*INSTRUCTIONS TO FOLLOW:* What are the lines below, starting at the line containing "خلفيات ويندوز سفن" and ending at the line containing "Épületgépészeti tervdokumentáció rajzai"? Write them out exactly, ends included, without pictures.

*TASK INPUTS:*

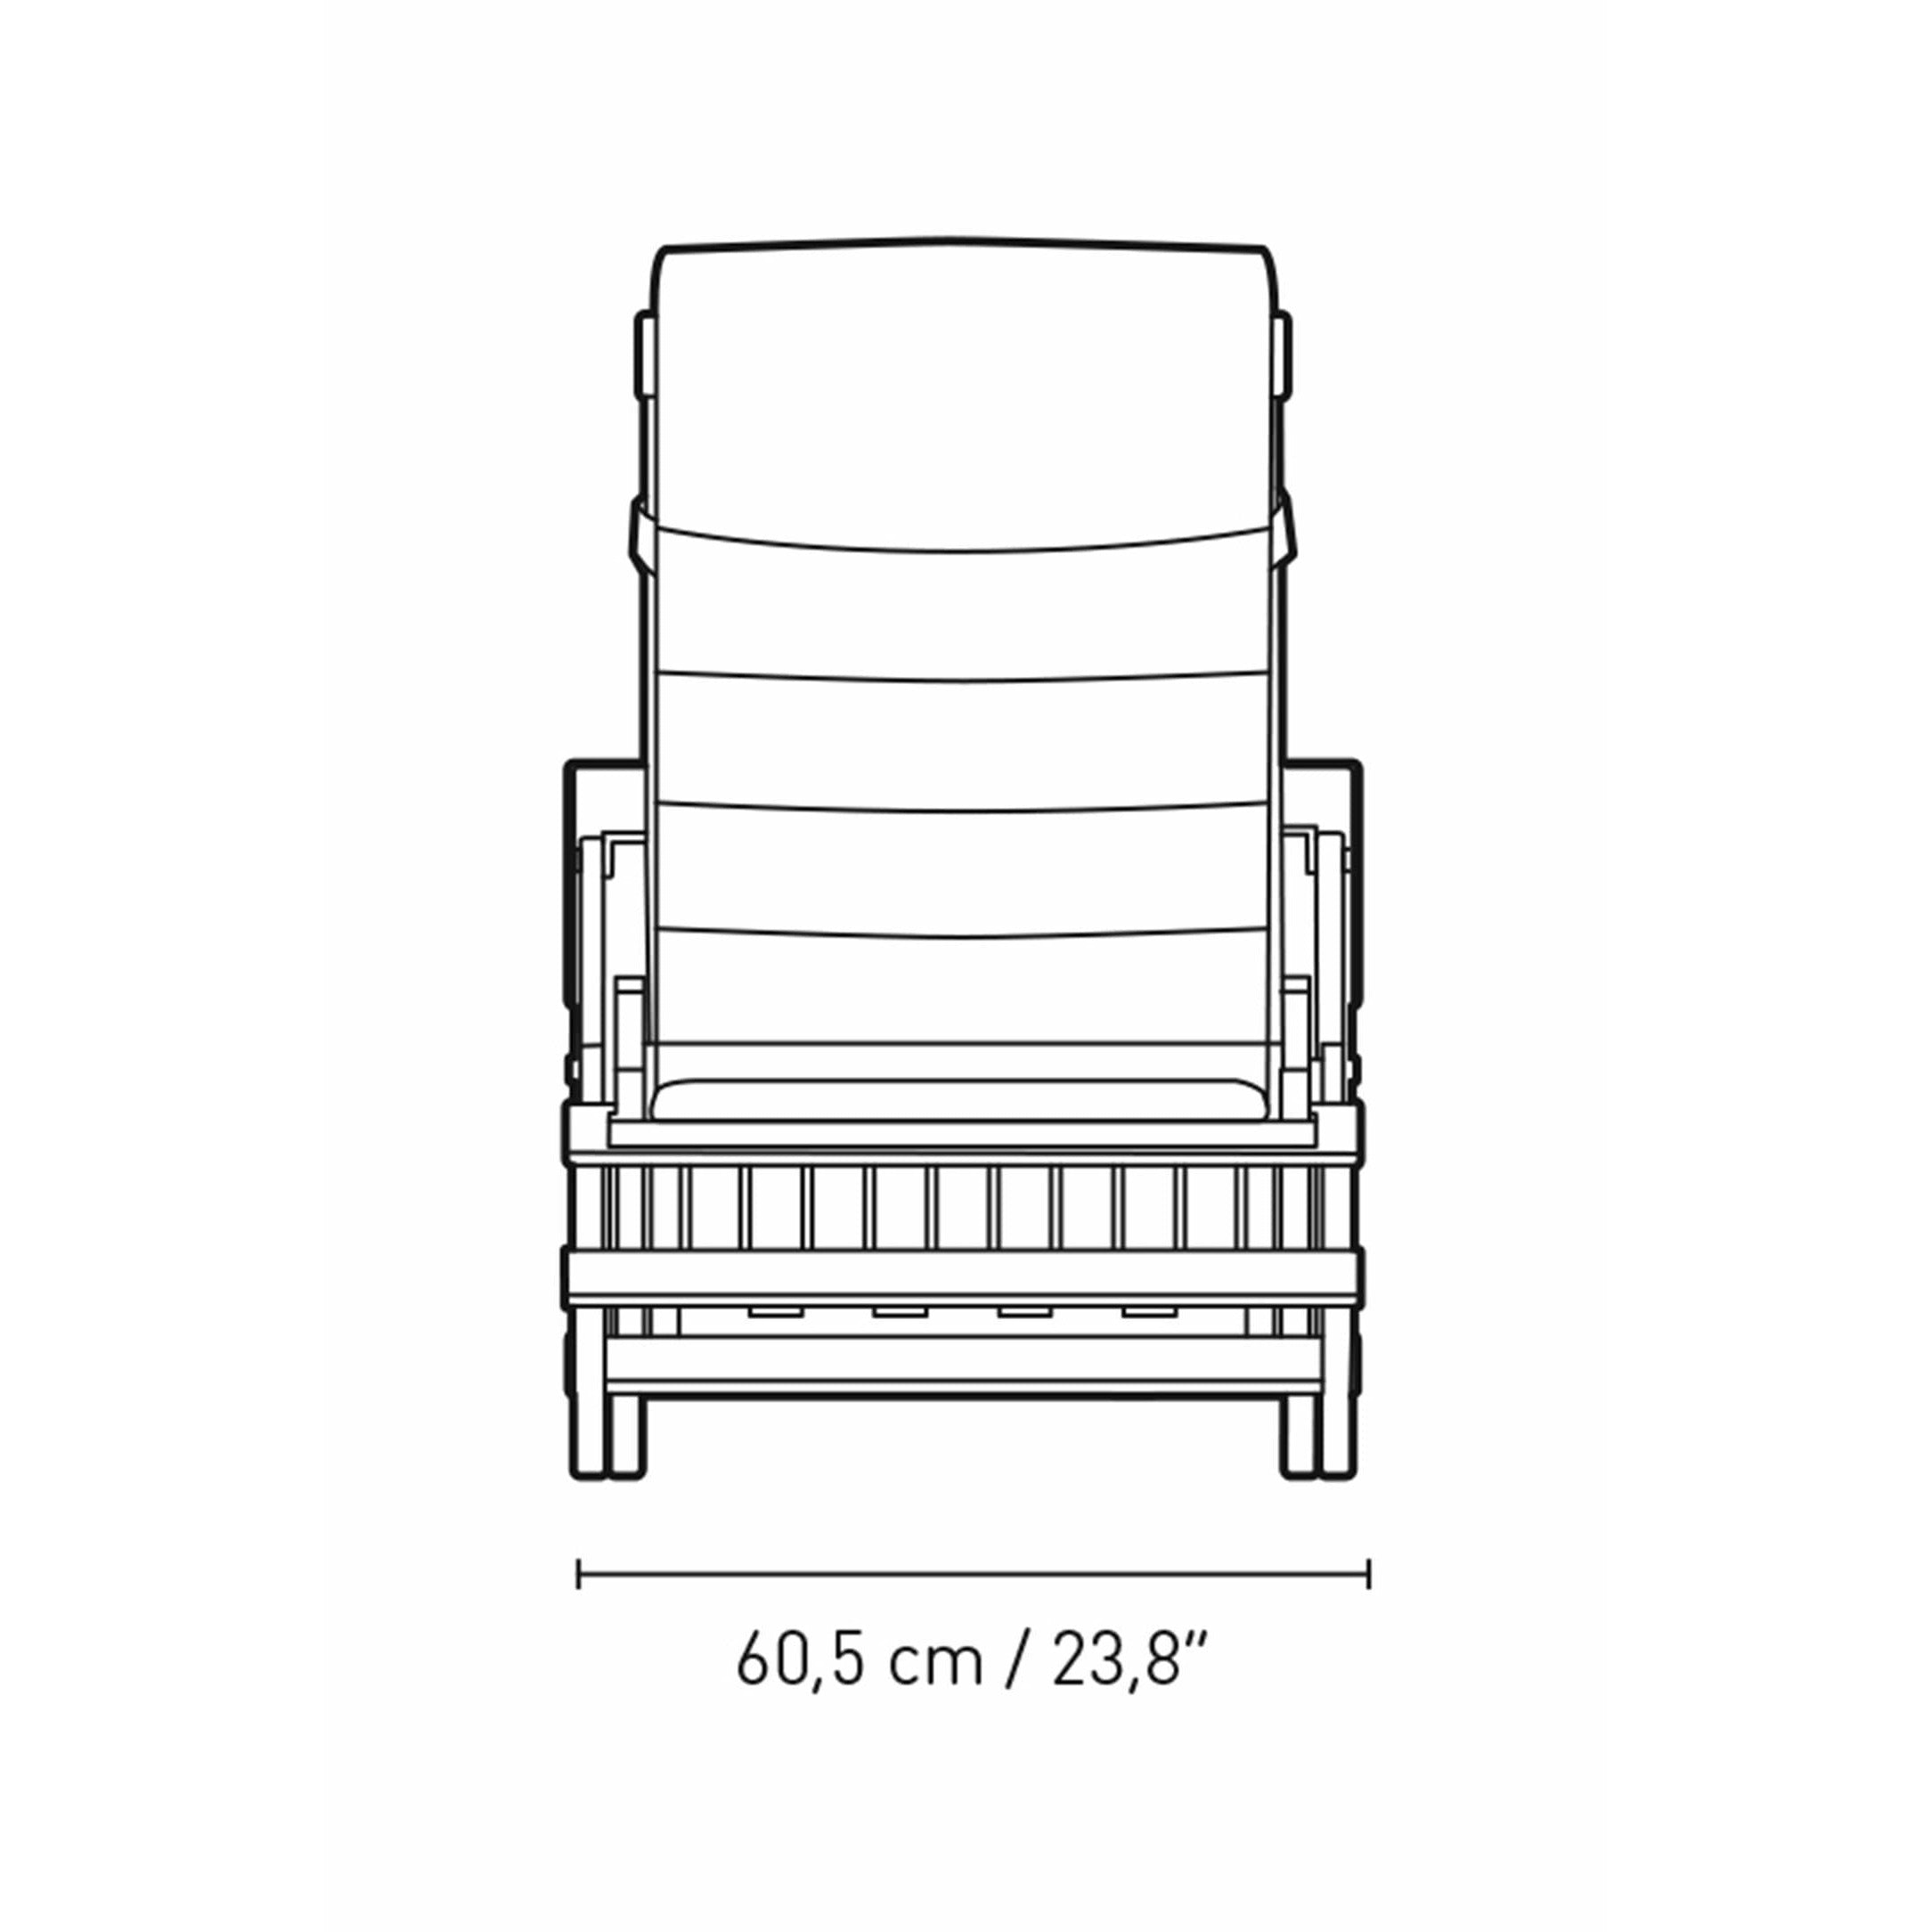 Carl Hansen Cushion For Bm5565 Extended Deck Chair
* * *
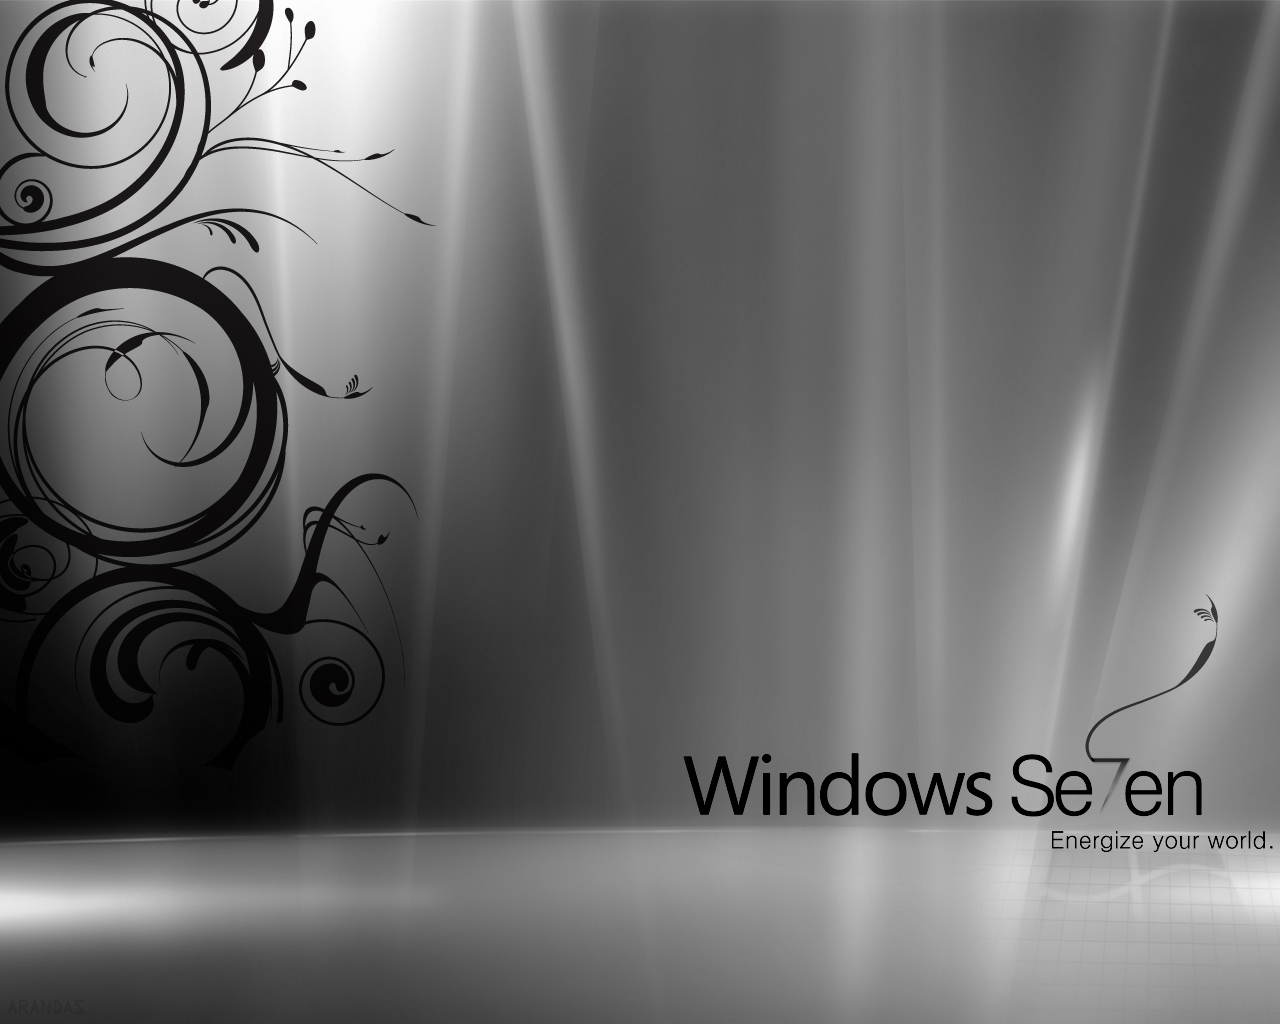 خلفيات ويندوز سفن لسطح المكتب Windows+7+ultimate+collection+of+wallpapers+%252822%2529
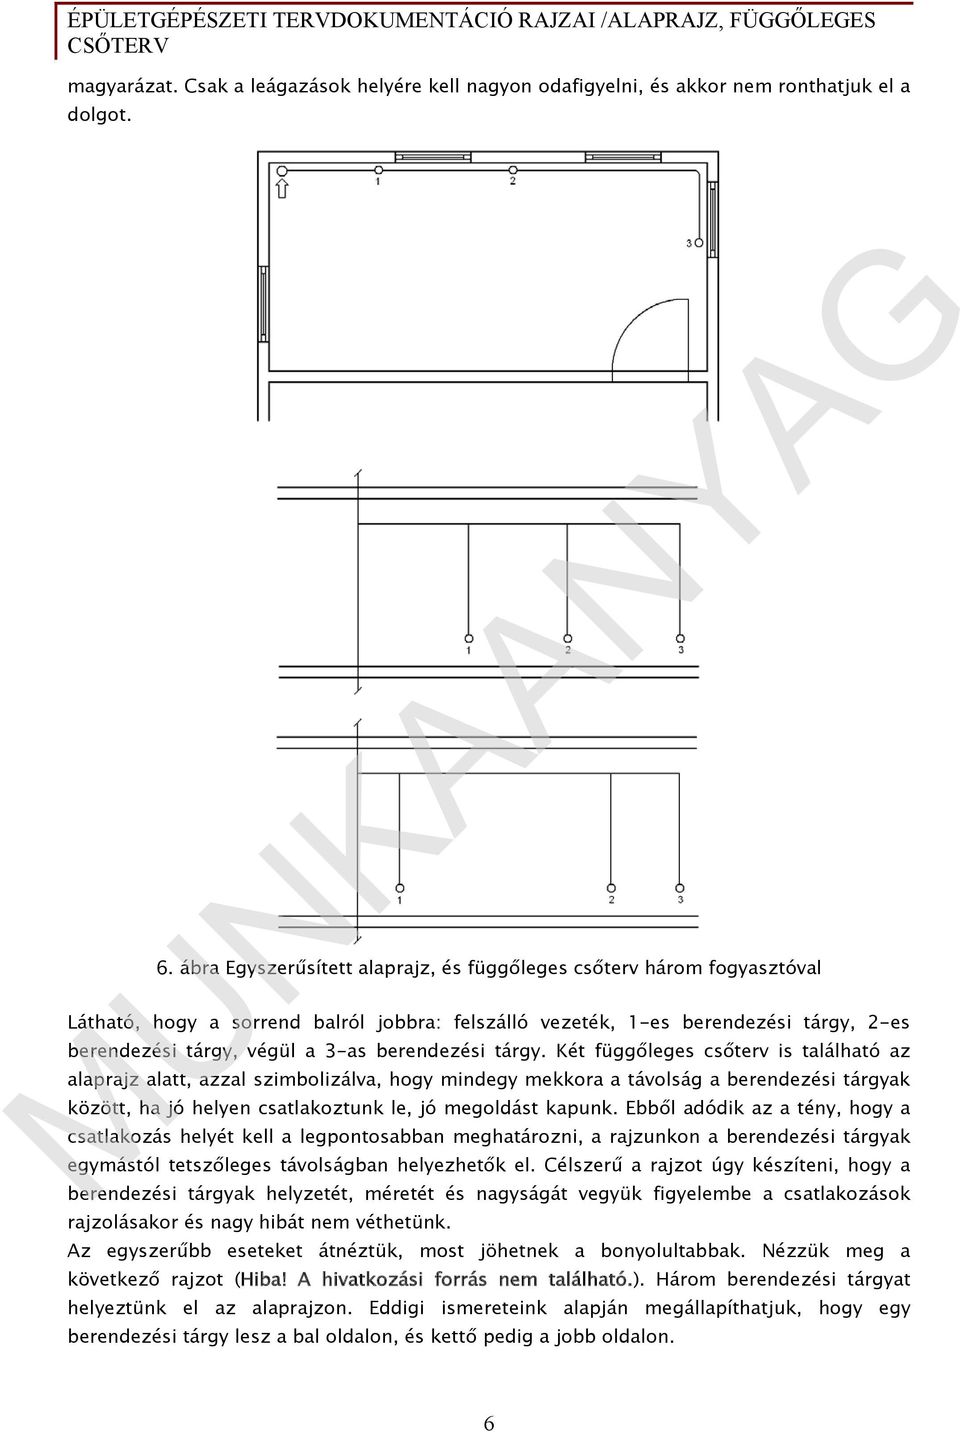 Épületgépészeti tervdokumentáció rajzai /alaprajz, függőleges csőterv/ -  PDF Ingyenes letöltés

*SOLUTION FOR THIS PROBLEM:*
 خلفيات ويندوز سفن لسطح المكتب Windows+7+ultimate+collection+of+wallpapers+%252822%2529
 Épületgépészeti tervdokumentáció rajzai /alaprajz, függőleges csőterv/ -  PDF Ingyenes letöltés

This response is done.